Wilhelmsthal. Mit einer Sonderführung durch das Schlossensemble von Wilhelmsthal begann der diesjährige Wandertag der SPD-Wartburgkreis.
Der Landschaftsarchitekt Dr. Daniel Rimbach aus Bad Liebenstein stellte sich freundlicherweise für eine kompetente Führung zur Verfügung.
Dr. Rimbach ist mit seinem Planungsbüro an der Sanierung der Parkanlagen von Wilhelmsthal maßgeblich beteiligt.
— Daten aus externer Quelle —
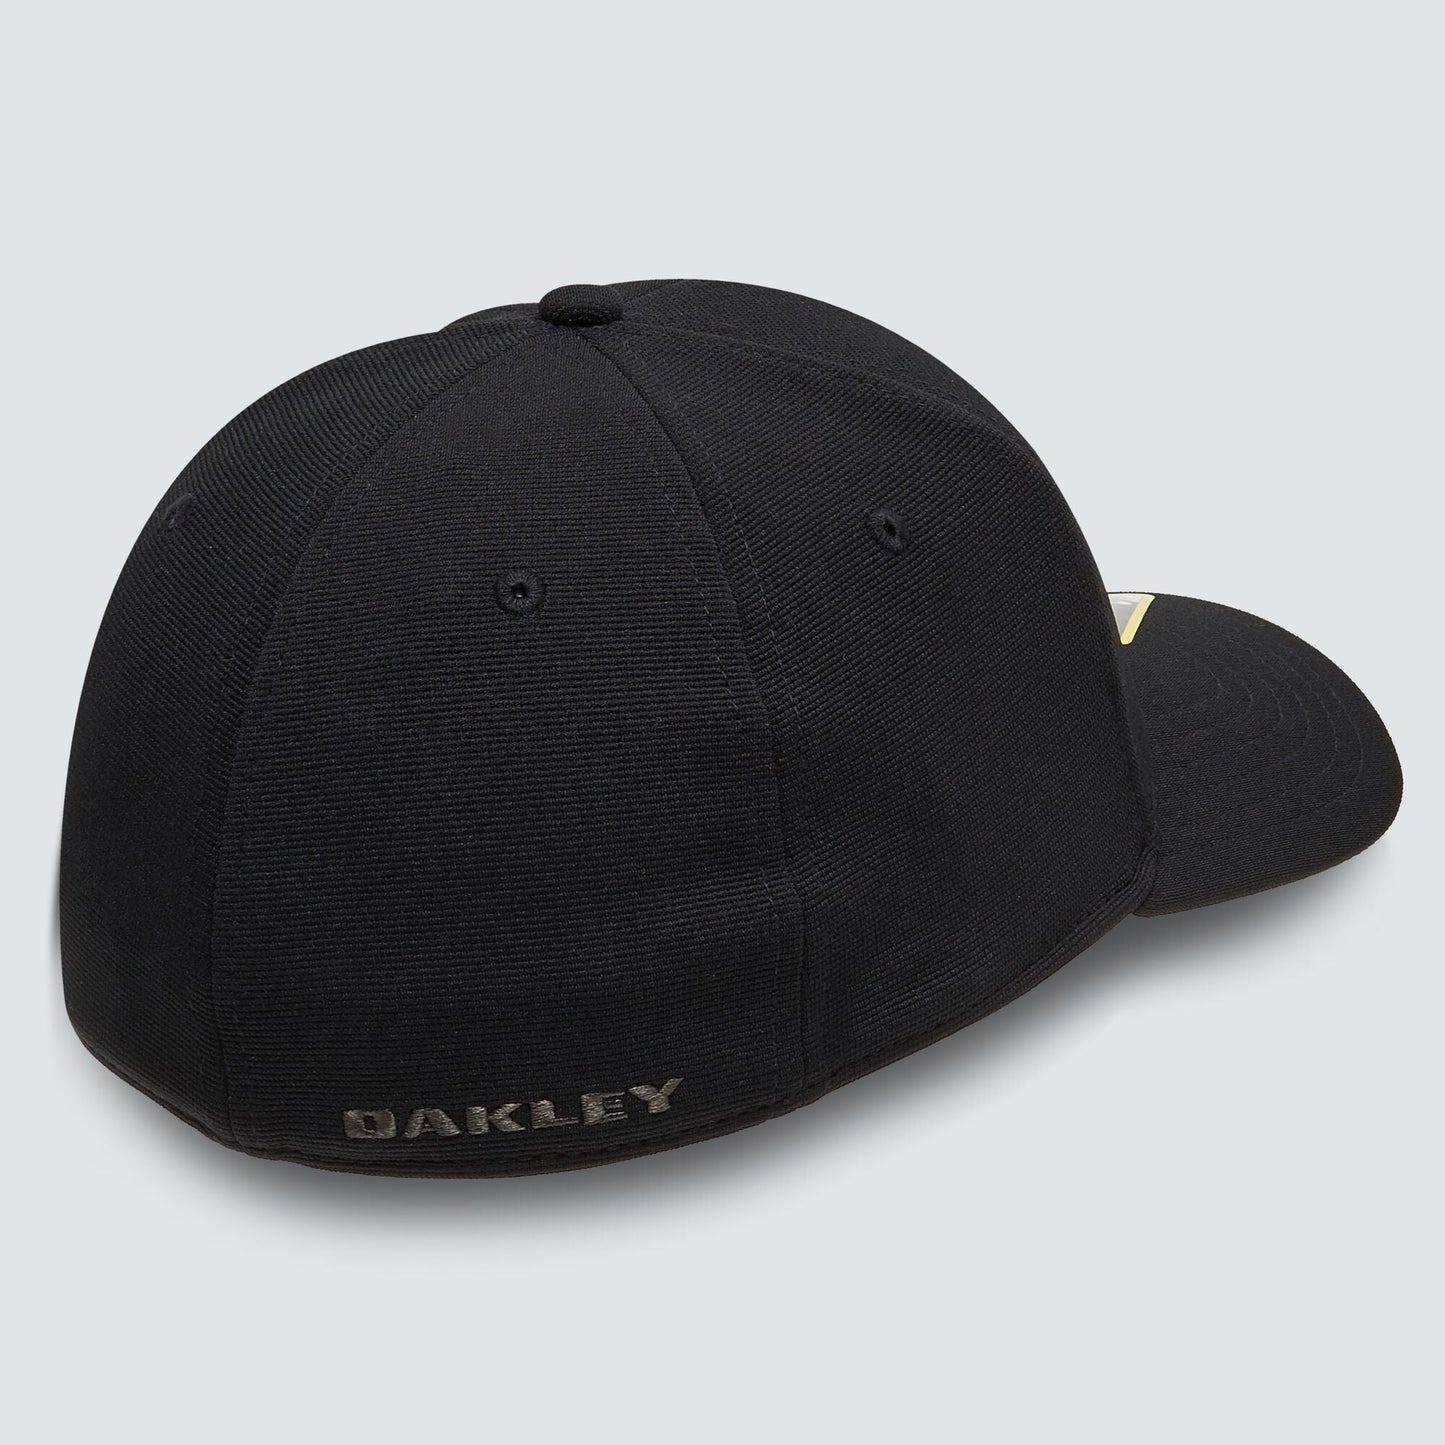 Oakley - Tincan Remix Cap - Blackout - Velocity 21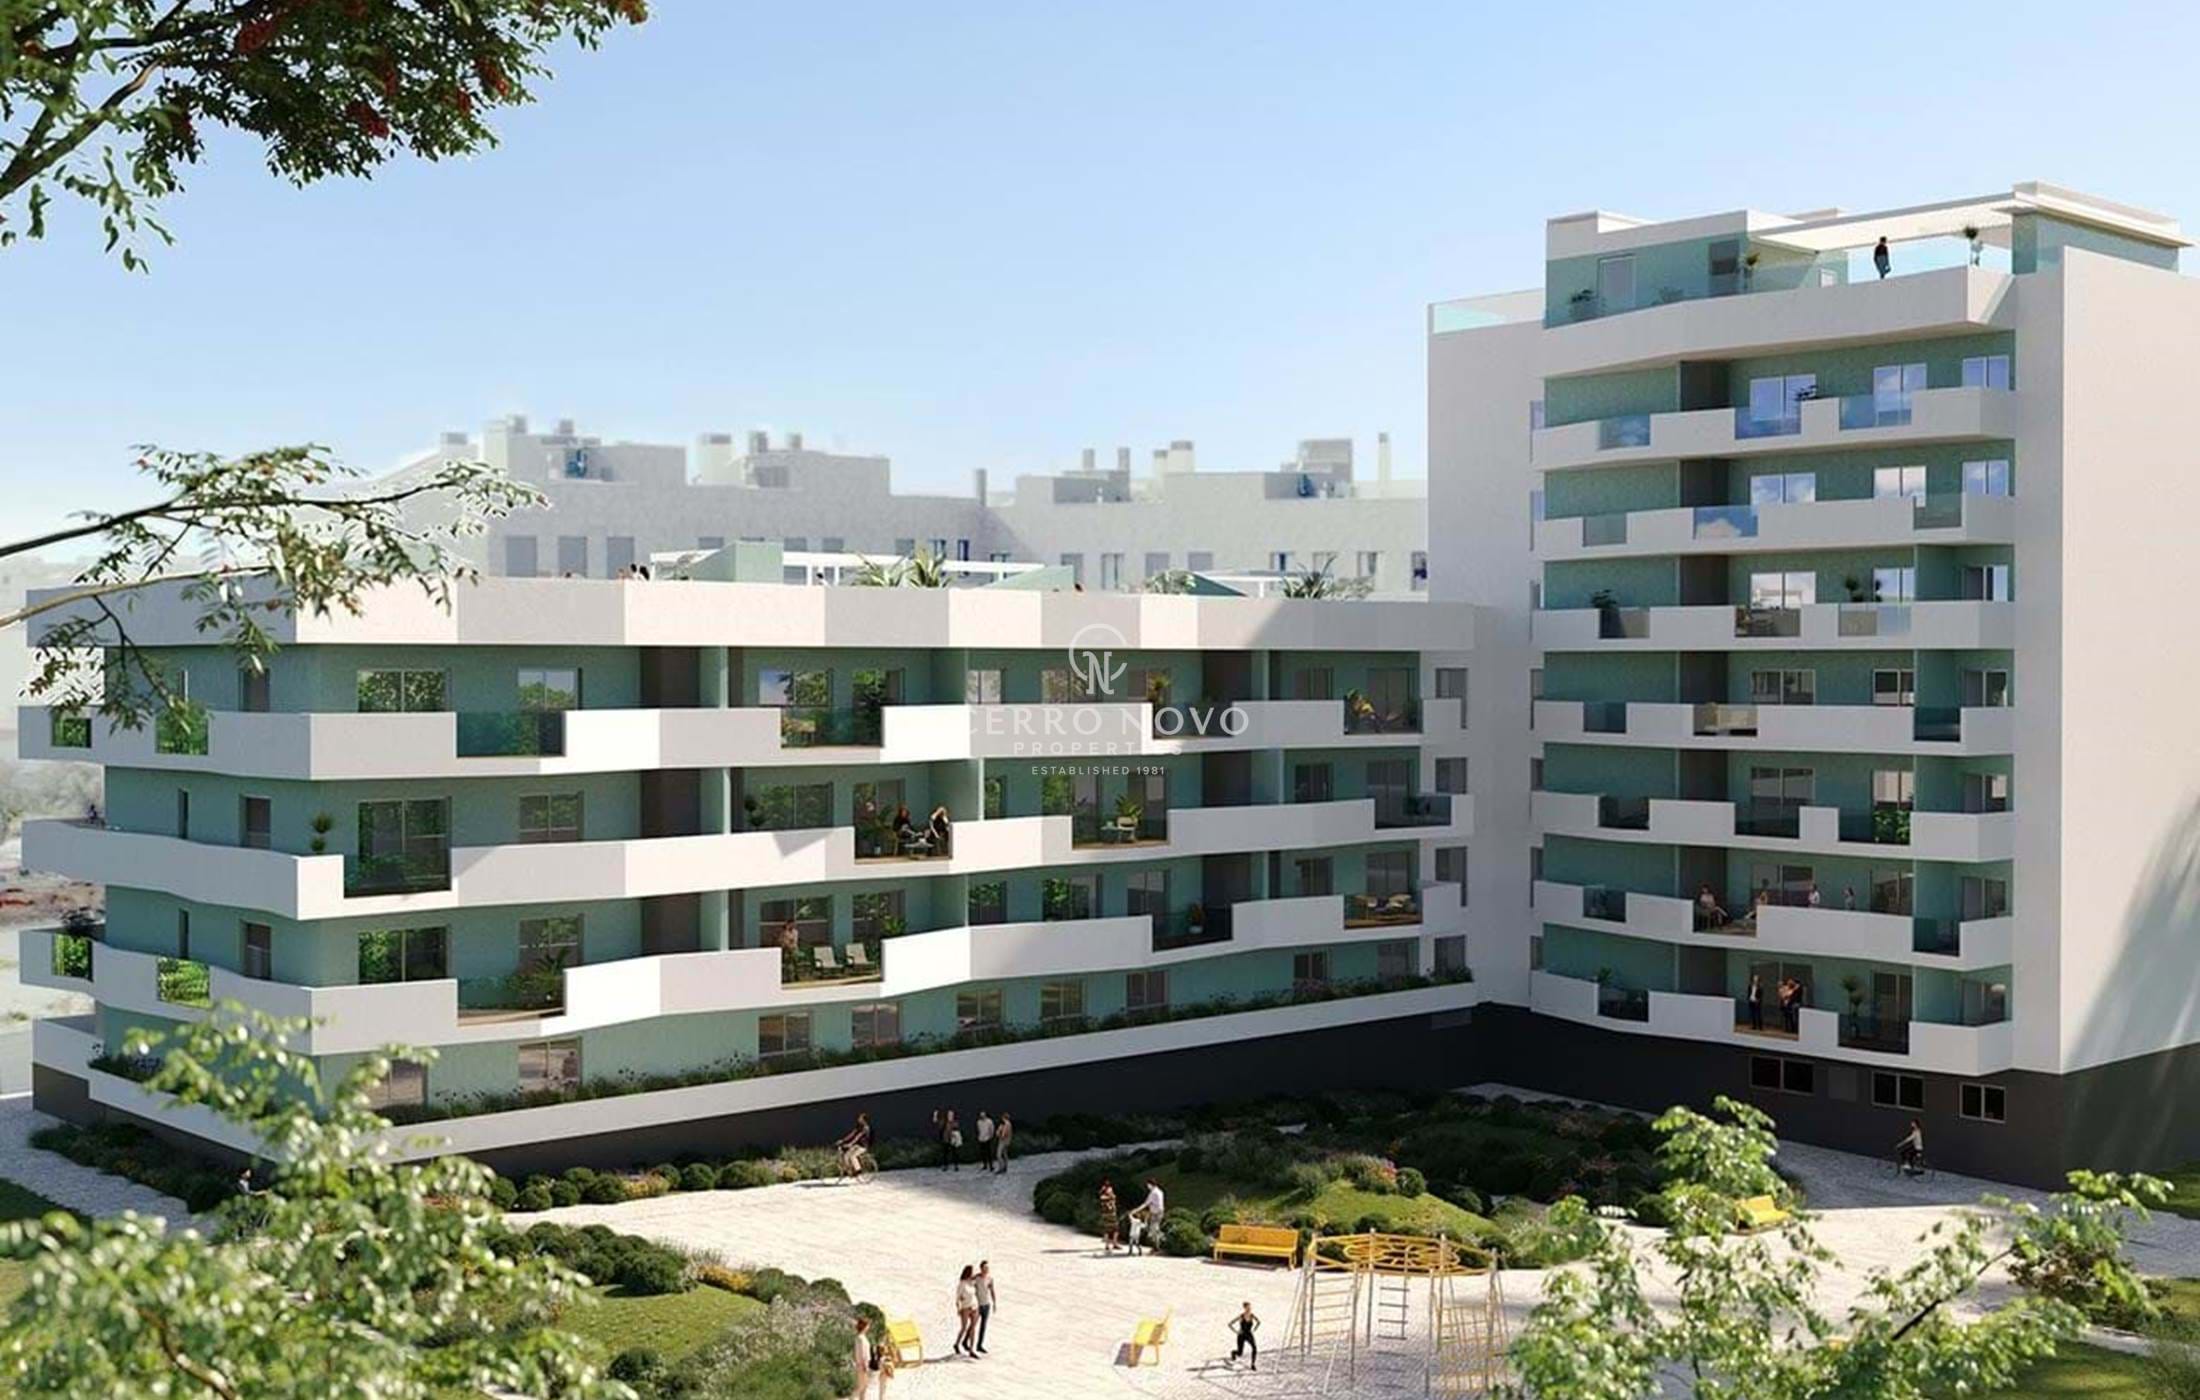 Grands appartements et duplex avec accès aux piscines et espaces partagés.

Nach einer Einführung über die Historie von Wihelmsthal, wurden die teilsanierten Gebäude besichtigt, darunter auch der historische Telemann-Saal.
Das Ergebnis der bisher vorgenommen Arbeiten an der großzügigen Parkanlage, lässt die Pracht und den Prunksucht der Eisenacher Herzöge erahnen.
Die Sanierungsarbeiten an den Gebäuden und der Parkanlagen mit dem Stausee belaufen sich mittlerweile auf ca. 5 Millionen Euro, der Gesamtbedarf wird auf über 30 Millionen Euro geschätzt.
Angesichts dieser Summen und des noch ausstehenden nachhaltigen Nutzungskonzeptes, machte dies manchen anwesenden SPD- Kommunalpolitiker nachdenklich ob der prekären Haushaltslage seiner heimatlichen Kommune.
Die anschließende Wanderung führte von Wilhelmsthal zur Hohen Sonne, auf dem Weg konnten herrliche Aussichten in malerischer Herbststimmung auf die Umgebung von Wilhelmstal genossen werden.
Rege wurde dabei die geplante neue Trasse der B 19 diskutiert.
Eine Entlastung der Anwohner an den vielbefahrenen Bundesstraßen B 19 und B 62, sowie eine effektivere Anbindung der Kur- und Kreisstadt Bad Salzungen an die Autobahn ist überfällig und berechtigt.
Direkt vor Augen hatten die SPD-Politiker aber auch die Folgen, welche die geplante neue Trassenführung in die Landschaft mit sich bringen würde.
So gesehen wurde mit dem Wandertag nicht nur die herrliche Herbstlandschaft genossen und das gesellige Miteinander gepflegt, sondern auch Eindrücke für die weitere politische Arbeit mitgenommen.